Dans la première lecture (2 Ch), l'auteur vers les années 350 rappelle les catastrophes vécues par le peuple : Israël a tout perdu, son indépendance politique et religieuse. Jérusalem et le temple sont détruits : l’élite du peuple est emmenée en esclavage à Babylone. C’est le point zéro à cause, dit le prophète, des péchés du peuple. Mais il annonce que le salut viendra et qu’Israël retrouvera sa liberté politique et religieuse.
Paul ou un disciple, dans l'épître aux Éphésiens, présente la source du salut, l'amour du Père pour les hommes manifesté tout au long de l’histoire culmine en son fils Jésus-Christ.

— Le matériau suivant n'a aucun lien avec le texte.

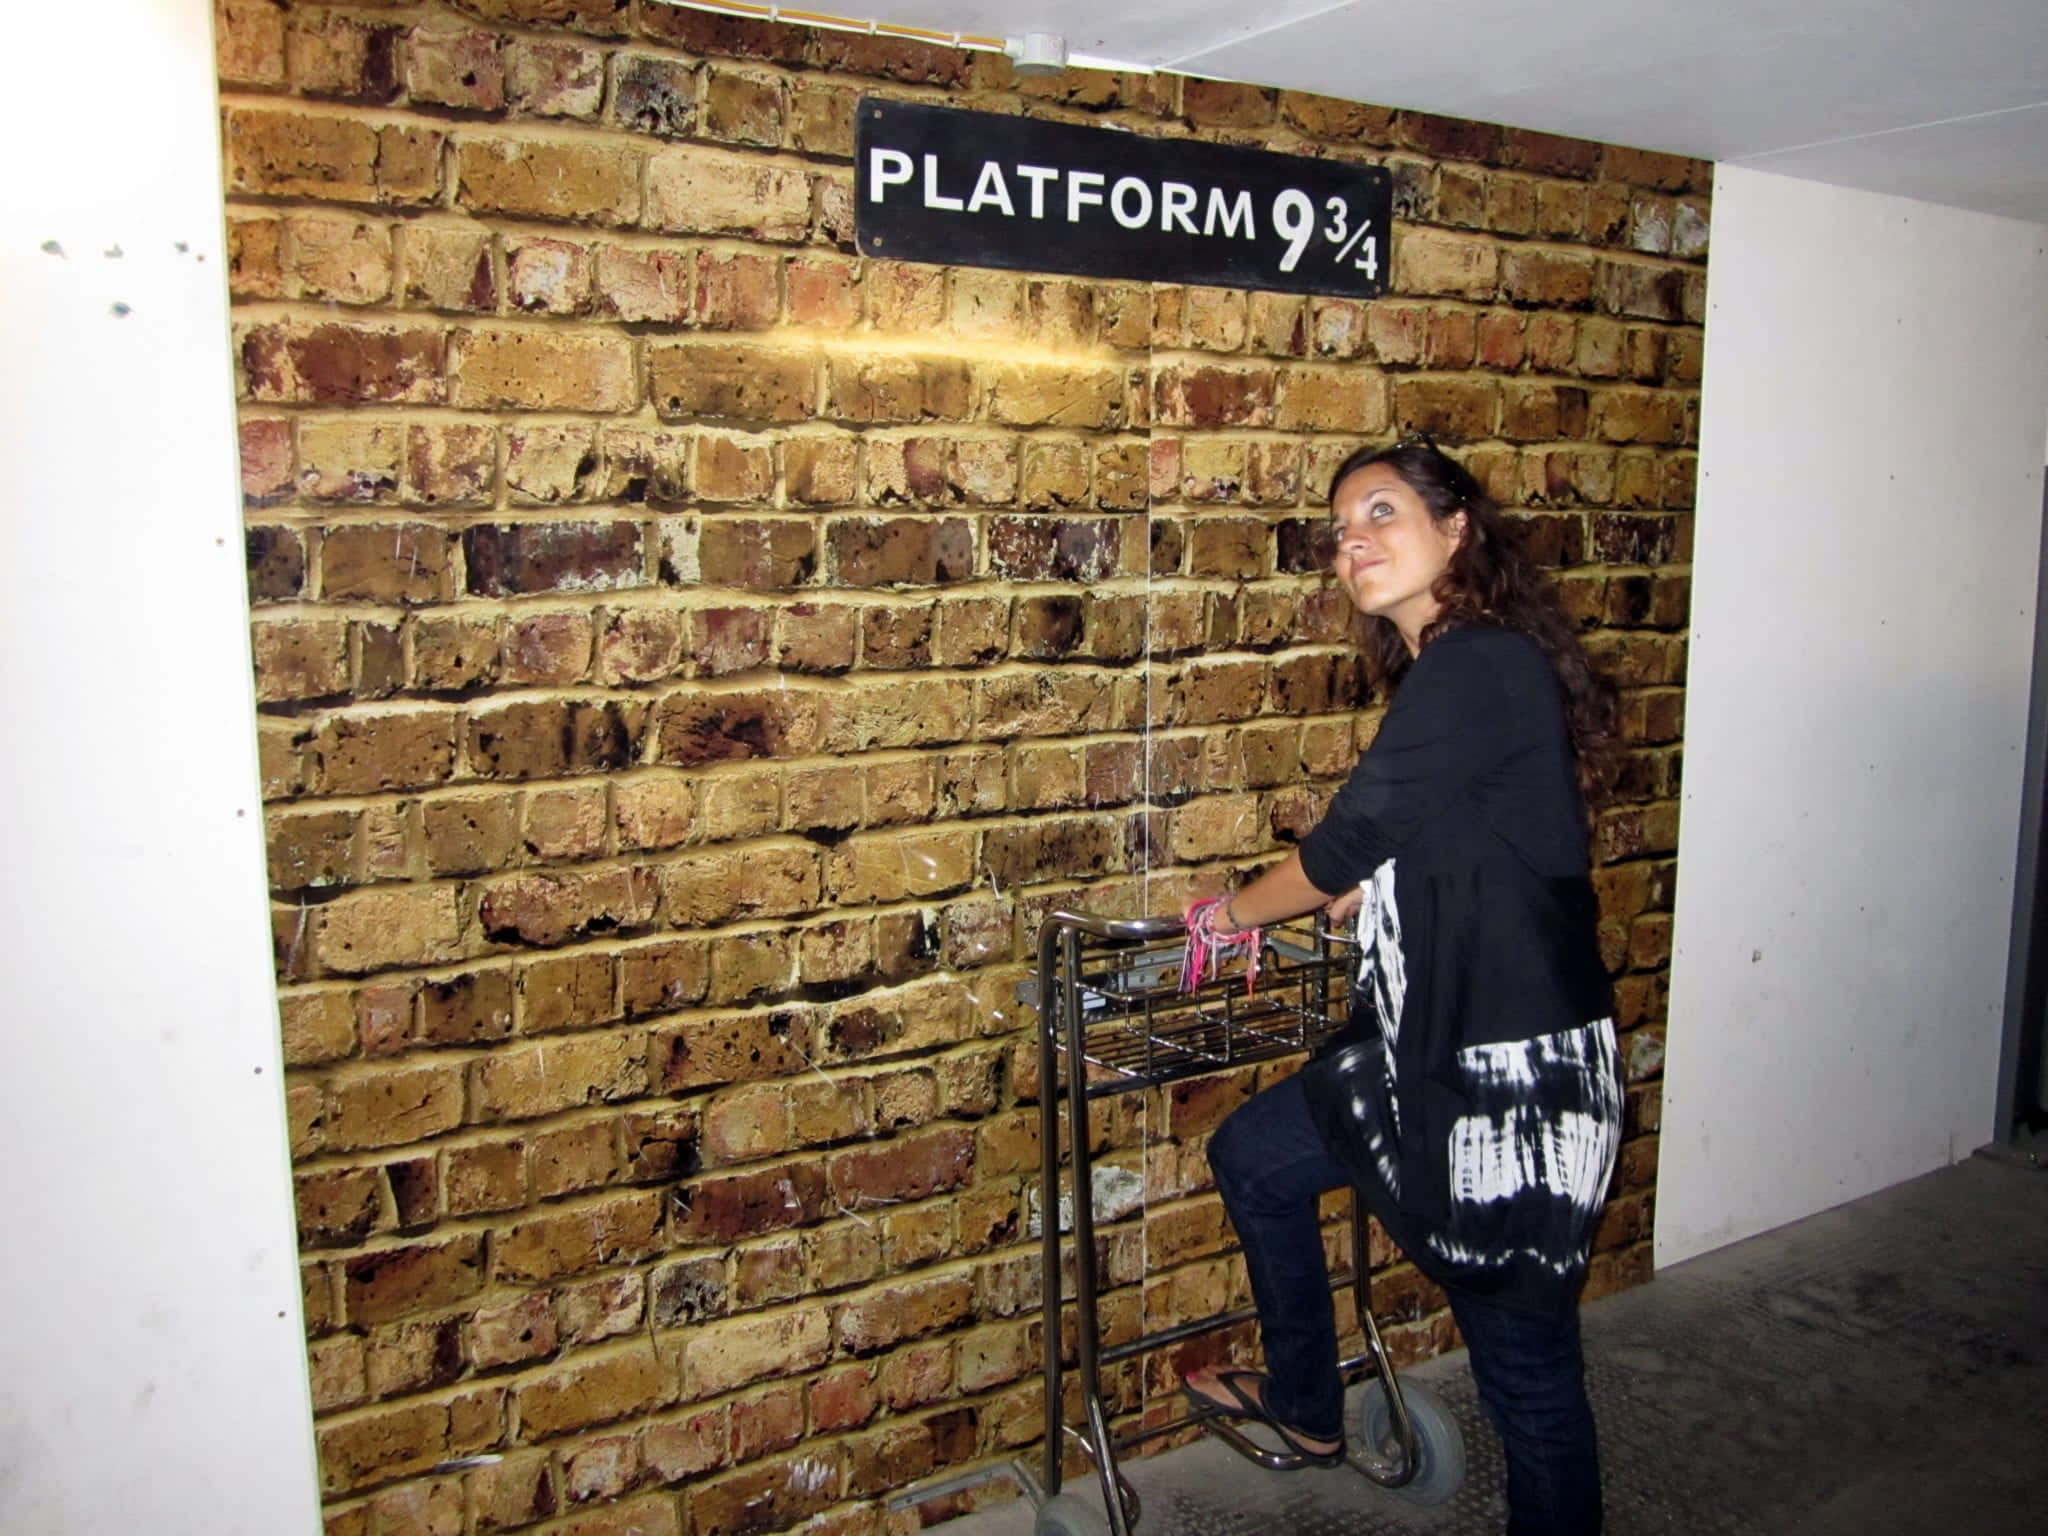 A magical journey awaits at Platform 9 3/4 Wallpaper

Il affirme même — un des rares textes du Nouveau Testament — que le salut n'est pas seulement à attendre pour la Fin des Temps, mais est déjà là : « C’est bien par grâce que vous êtes sauvés ; avec lui, il nous a ressuscités et il nous a fait siéger dans le Christ Jésus ».
L’Évangile (Jn 3, 14-21) présente les deux versants : le salut : « Dieu a tellement aimé le monde qu'il a donné son fils unique ... non pas pour juger le monde mais pour que par lui le monde soit » ; le mal : « Les hommes ont préféré les ténèbres à la lumière ».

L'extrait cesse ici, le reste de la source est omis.